Manolo la miraba sorprendido, mientras se preguntaba cuál era la razón del extraño comportamiento de la misma Clarissa que bailaba lentamente, envuelta en un vestido rojo con volantes y que hacía al menos diez años Manolo no le había visto vestir.
El mismo vestido rojo que Clarissa usara aquel sábado de baile donde Manolo se atreviera a hablarle dos días después de haber dicho un tímido “hola”, al ser presentado con ella por el párroco de su comunidad. Sí, era al mismo vestido que Clarissa usaba cuando él puso tímidamente su mano sobre su cintura para bailar con ella al ritmo de una lenta melodía, ¿pero cuál era esa melodía?
—¡Claro!—gritó Manolo—¡Esta era la melodía que bailamos juntos la primera vez!—exclamó mientras se acercaba a Clarissa y ponía, absurdamente de manera tímida, después de 15 años de matrimonio, su mano en su cintura.
—¡Mi Manolo!—exclamó Clarissa, mientras colocaba sus manos alrededor de su cuello, como atrevidamente lo hiciera la primera vez que bailaran juntos.
Los niños que jugaban pelota en el jardín, encantados por la libertad otorgada por una madre generalmente atenta a sus acciones, terminaron por cansarse y decidieron subir a averiguar que pasaba con Clarissa y no fue menor su sorpresa al encontrar a sus padres bailando al son de una melodía extraña en el vestidor de su alcoba.

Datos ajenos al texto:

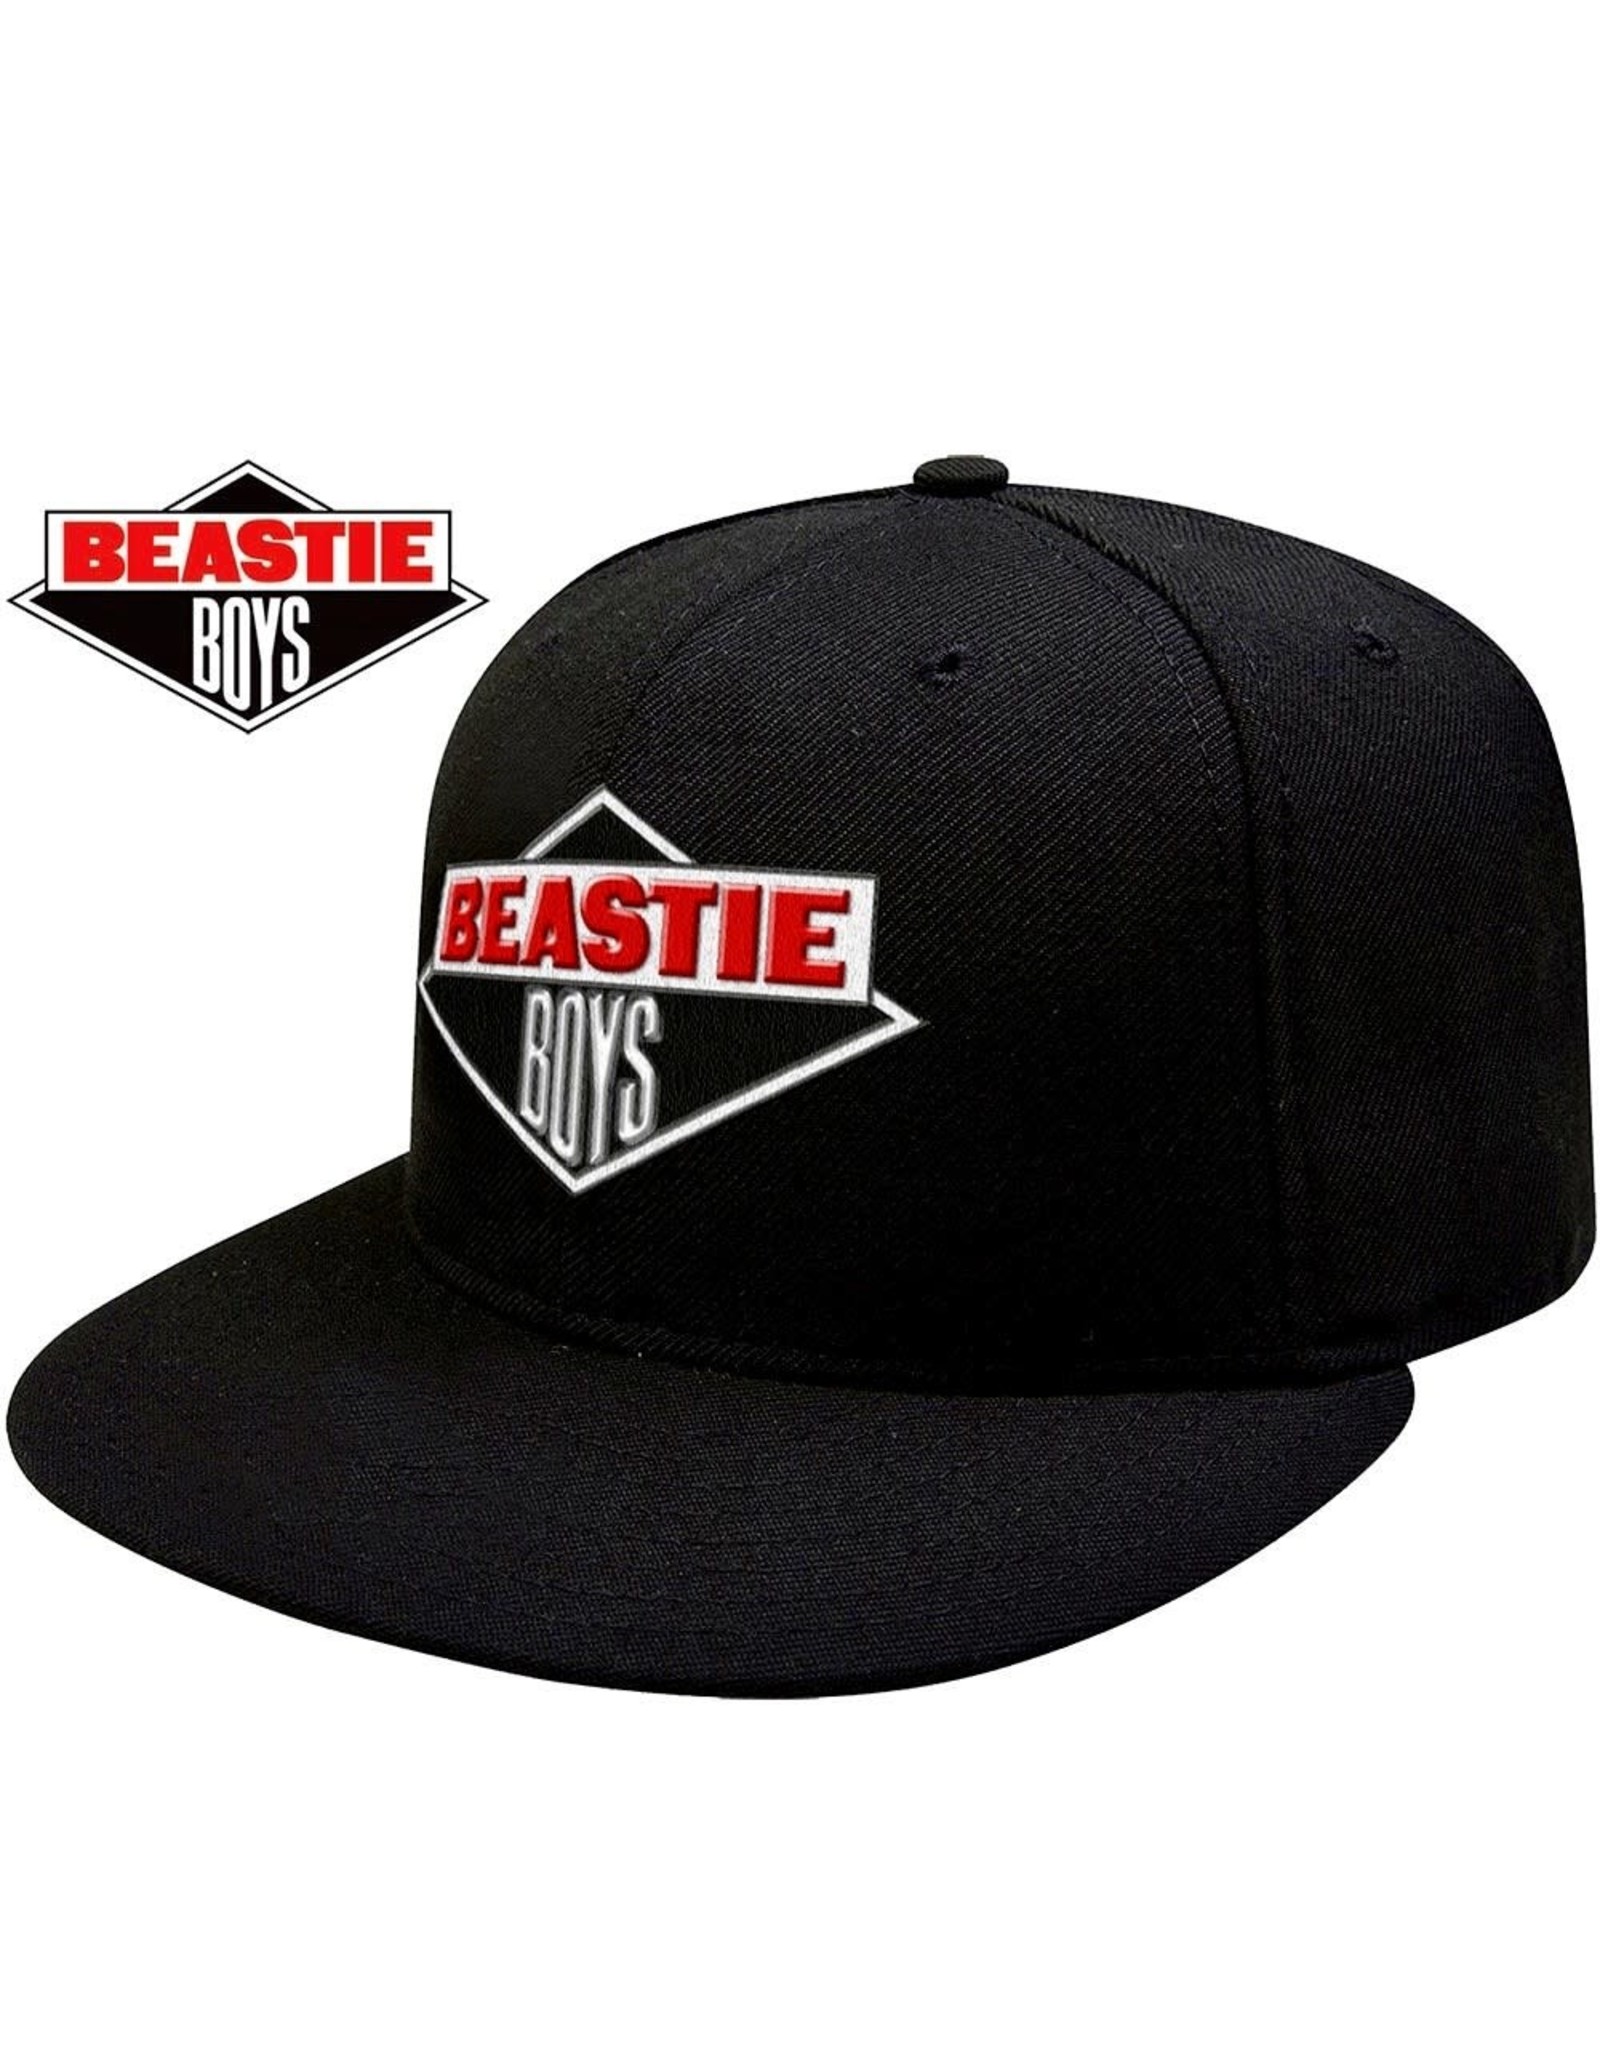 Beastie Boys / Classic Logo Snapback Cap

—¡A dormir!—exclamó Clara, la hija mayor, entre sorprendida y asustada por la extraña conducta de sus padres, tanto, que llamó a su abuela, quien de inmediato llegó a ver qué pasaba con su hijo y su esposa.
—¡Manolo!—gritó Doña Loreto, al ver la escena de la pareja de esposos que bailaba en su vestidor y la cual la ignoró.
—¡Clarissa, chula! ¿Pero qué les pasa? ¿No ven que están espantando a las criaturas?—exclamó la señora alarmada, mientras Manolo y Clarissa bailaban y cantaban.
Doña Loreto salió a llamar al párroco y al médico. Sus hijos seguro estaban poseídos o locos. Los dos especialistas llegaron y observaron la conducta inusual de la pareja. Ambos sonrieron en silencio y recomendaron a la abuela se llevara a sus nietos a su casa. Antes de irse, ella preguntó qué enfermedad los aquejaba, a lo que el médico respondió:
—Ninguna, Doña Loreto. Muy por el contrario. Ambos acaban de regresar a la vida, así es que prepárese para cuidar a los nietos algunas semanas, porque seguramente Manolo y Clarissa querrán disfrutar de una larga segunda luna de miel.
—Amén—exclamó el párroco riendo a carcajadas.